Recap from July’s Picks
On a price return basis, the Safest Dividend Yields Model Portfolio (-3.0%) underperformed the S&P 500 (-2.8%) by 0.2% from July 20, 2023 through August 21, 2023. On a total return basis, the Model Portfolio (-2.5%) outperformed the S&P 500 (-2.8%) by 0.3% over the same time. The best performing large-cap stock was up 21%, and the best performing small-cap stock was up 9%. Overall, 11 out of the 20 Safest Dividend Yield stocks outperformed their respective benchmarks (S&P 500 and Russell 2000) from July 20, 2023 through August 21, 2023.
This Model Portfolio only includes stocks that earn an attractive or very attractive rating, have positive free cash flow and economic earnings, and offer a dividend yield greater than 3%. Companies with strong free cash flow (FCF) provide higher quality and safer dividend yields because strong FCF is proof they have the cash to support the dividend. I think this portfolio provides a uniquely well-screened group of stocks that can help clients outperform.
Featured Stock for August: Conagra Brands
CAG
CAG
Conagra Brands Inc. (CAG) is the featured stock in August’s Safest Dividend Yields Model Portfolio.
Since fiscal 2018, Conagra Brands has grown revenue by 9% compounded annually and net operating profit after tax (NOPAT) by 13% compounded annually. Conagra Brands’ NOPAT margin improved from 10.5% in fiscal 2018 to 12.3% in fiscal 2023 (year ends May 28, 2023). An improved NOPAT margin is enough to offset a slight decline in invested capital turns and help maintain the company’s return on invested capital (ROIC) around 6% over the same time.
Figure 1: Conagra Brands’ Revenue & NOPAT Since 2018
Free Cash Flow Exceeds Regular Dividend Payments
Conagra Brands has increased its regular dividend from $0.21/share in 1Q18 to $0.35/share in 3Q23. The current quarterly dividend, when annualized, equals $1.40/share and provides an 4.7 % dividend yield.

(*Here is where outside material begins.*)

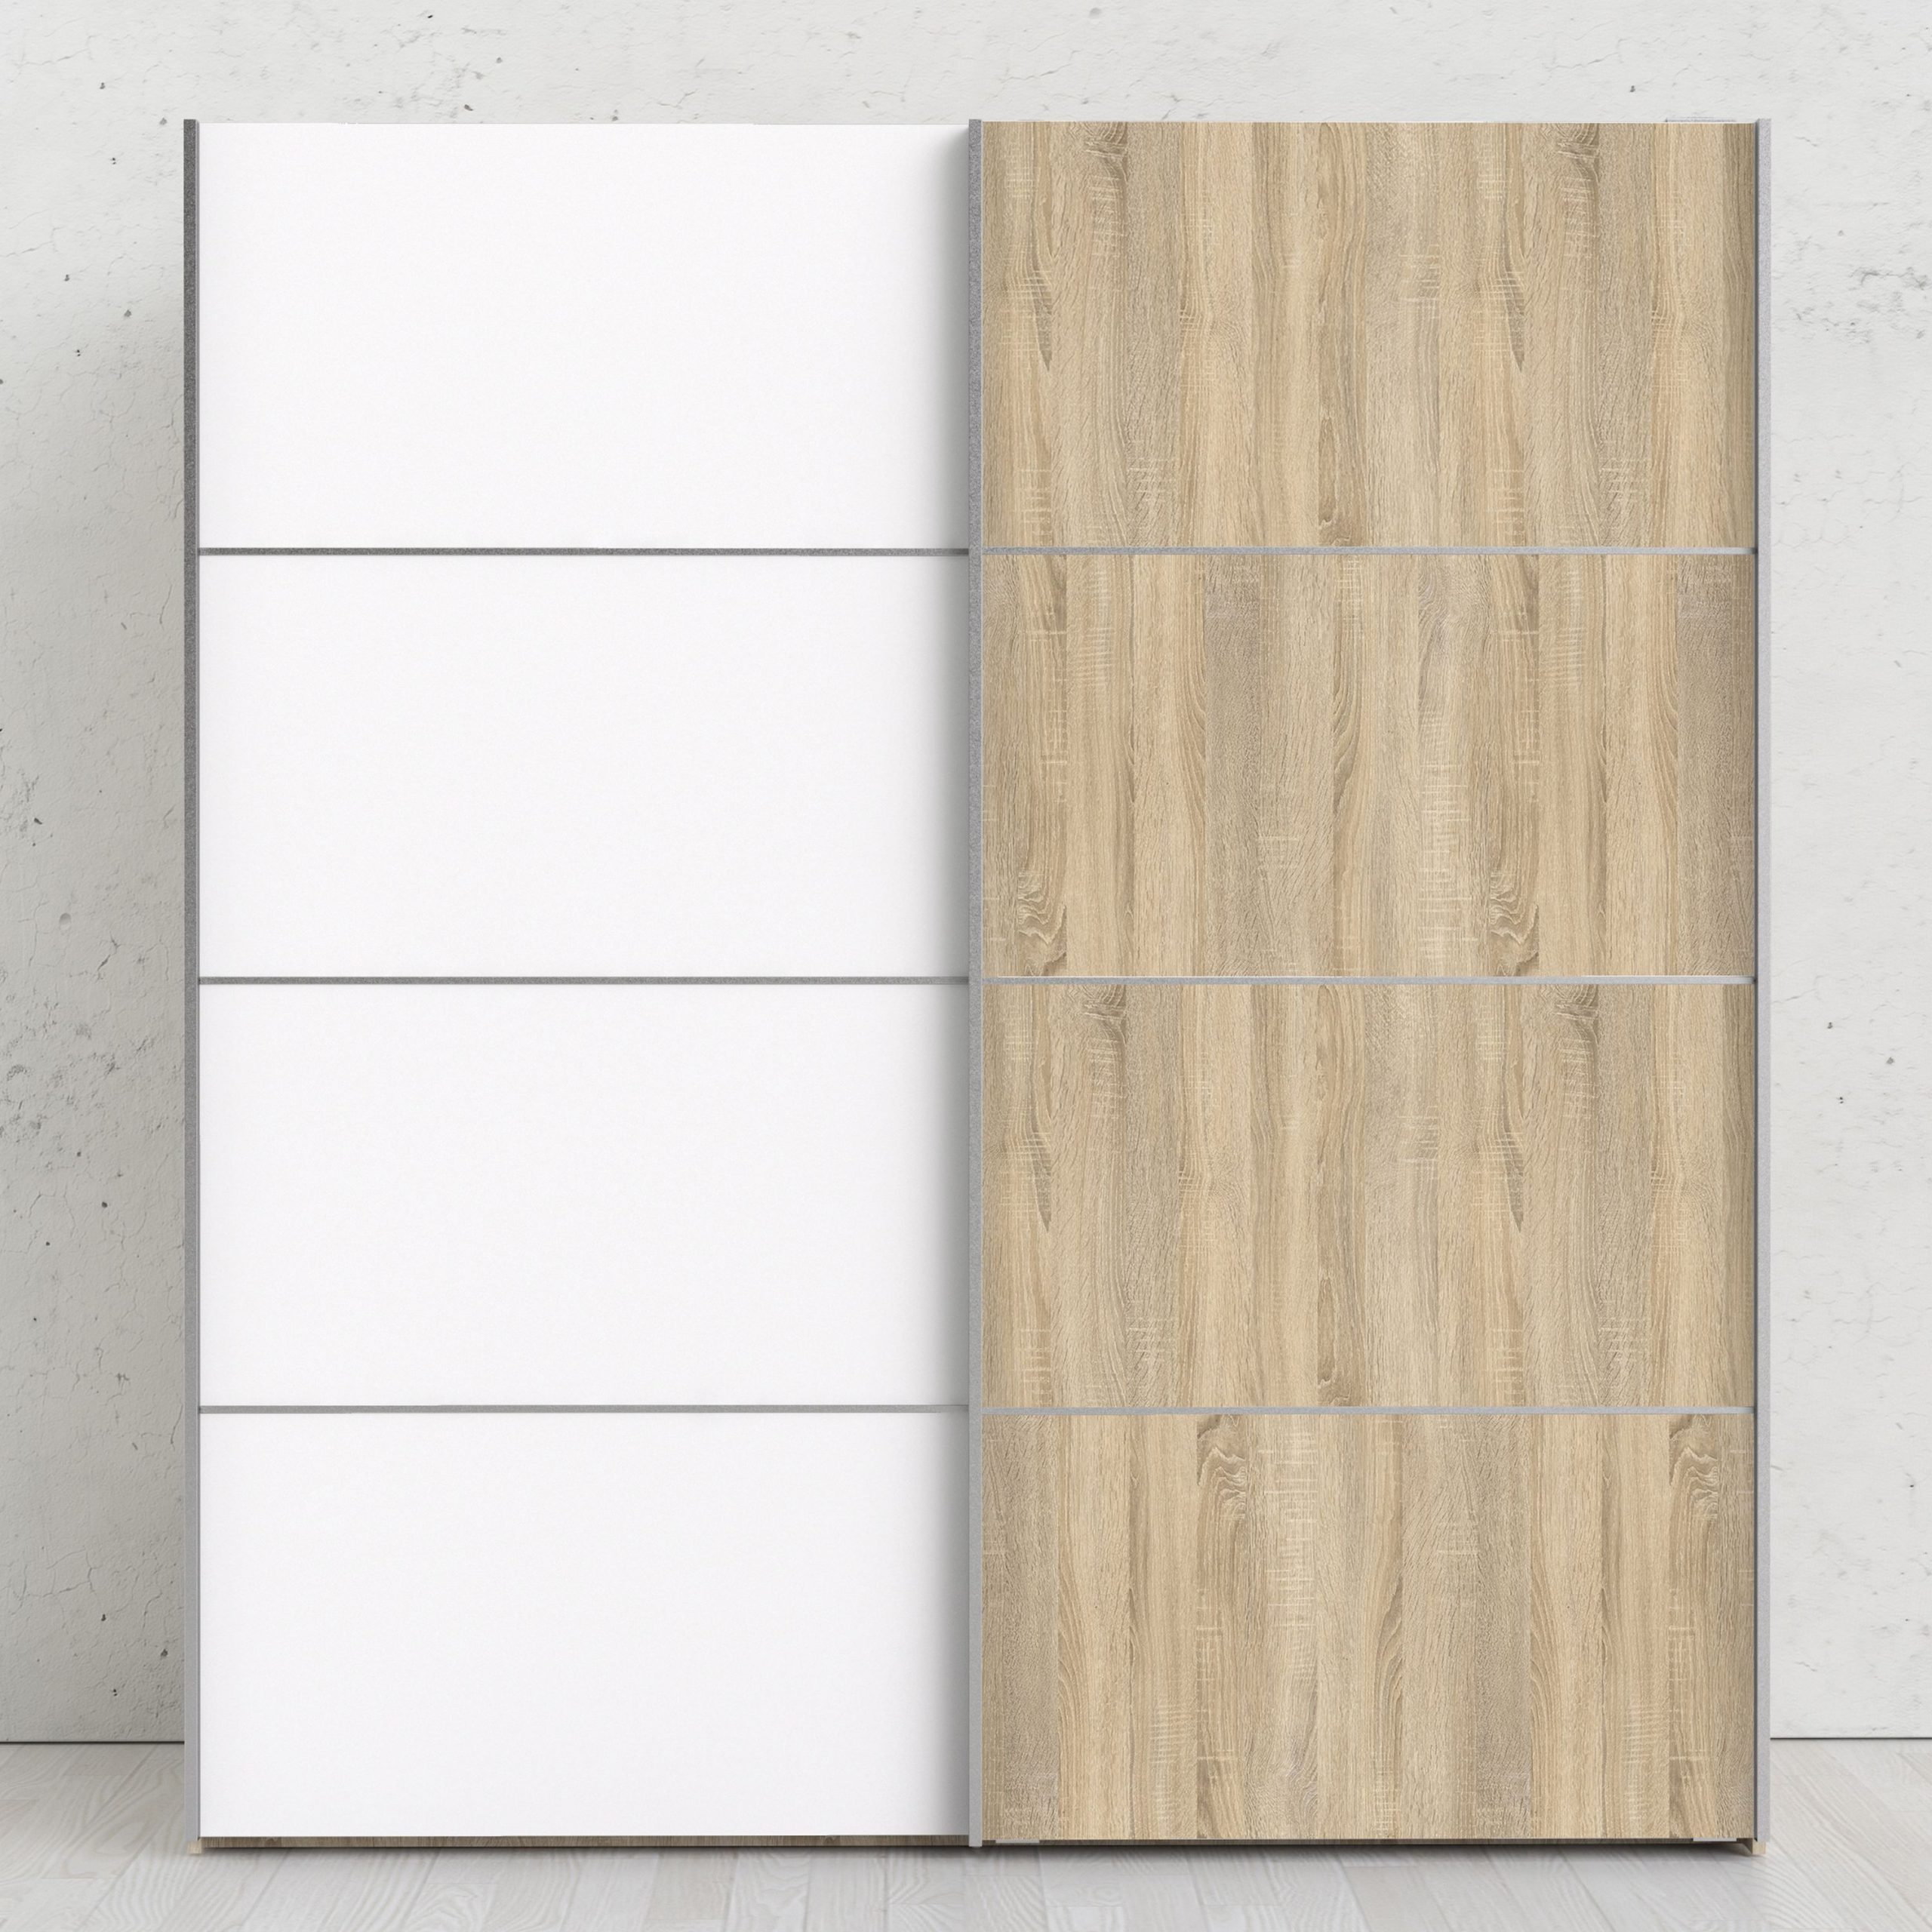 Verona Sliding Wardrobe 180cm In Oak With White And Oak Doors With 5 Shelves

More importantly, Conagra Brands’ free cash flow (FCF) easily exceeds its regular dividend payments. From fiscal 2020 to fiscal 2023, Conagra Brands generated $5.2 billion (21% of current enterprise value) in FCF while paying $2.1 billion in dividends. See Figure 2.
Figure 2: Conagra Brands’ FCF Vs. Regular Dividends Since 2020
As Figure 2 shows, Conagra Brands’ regular dividends are backed by a history of reliable cash flows. Dividends from companies with low or negative FCF are less dependable since the company may not be able to sustain paying dividends.
CAG Is Undervalued
At its current price of $30/share, Conagra Brands has a price-to-economic book value (PEBV) ratio of 0.8. This ratio means the market expects Conagra Brands’ NOPAT to permanently fall 20% from TTM levels. This expectation seems overly pessimistic given that Conagra Brands has grown NOPAT by 13% compounded annually since fiscal 2018 and 5% compounded annually since fiscal 2012.
If Conagra Brands’ NOPAT margin falls to 11% (vs. 12.3% in the TTM and 10-year average of 11.5%) and the company’s revenue grows by 3% compounded annually for the next decade, the stock would be worth $45+/share today – a 53% upside. See the math behind this reverse DCF scenario. In this scenario, Conagra Brands’ NOPAT would grow 2% compounded annually through 2032. Should the company’s NOPAT grow more in line with historical growth rates, the stock has even more upside.
Critical Details Found in Financial Filings by My Firm’s Robo-Analyst Technology
Below are specifics on the adjustments I make based on Robo-Analyst findings in Conagra Brands’ 10-K and 10-Qs:
Income Statement: I made $839 million in adjustments with a net effect of removing $54 million in non-operating expenses (<1% of revenue).
Balance Sheet: I made $8.8 billion in adjustments to calculate invested capital with a net increase of $8.1 billion. The most notable adjustment was $5.1 billion (29% of reported net assets) in asset write downs.
Valuation: I made $10.7 billion in adjustments, with a net decrease of $10.5 billion in shareholder value. Apart from $9.4 billion in total debt, the most notable adjustment to shareholder value was $1.1 billion in net deferred tax liabilities. This adjustment represents 8% of Conagra Brands’ market value.
Disclosure: David Trainer, Kyle Guske II, Italo Mendonça, and Hakan Salt receive no compensation to write about any specific stock, style, or theme.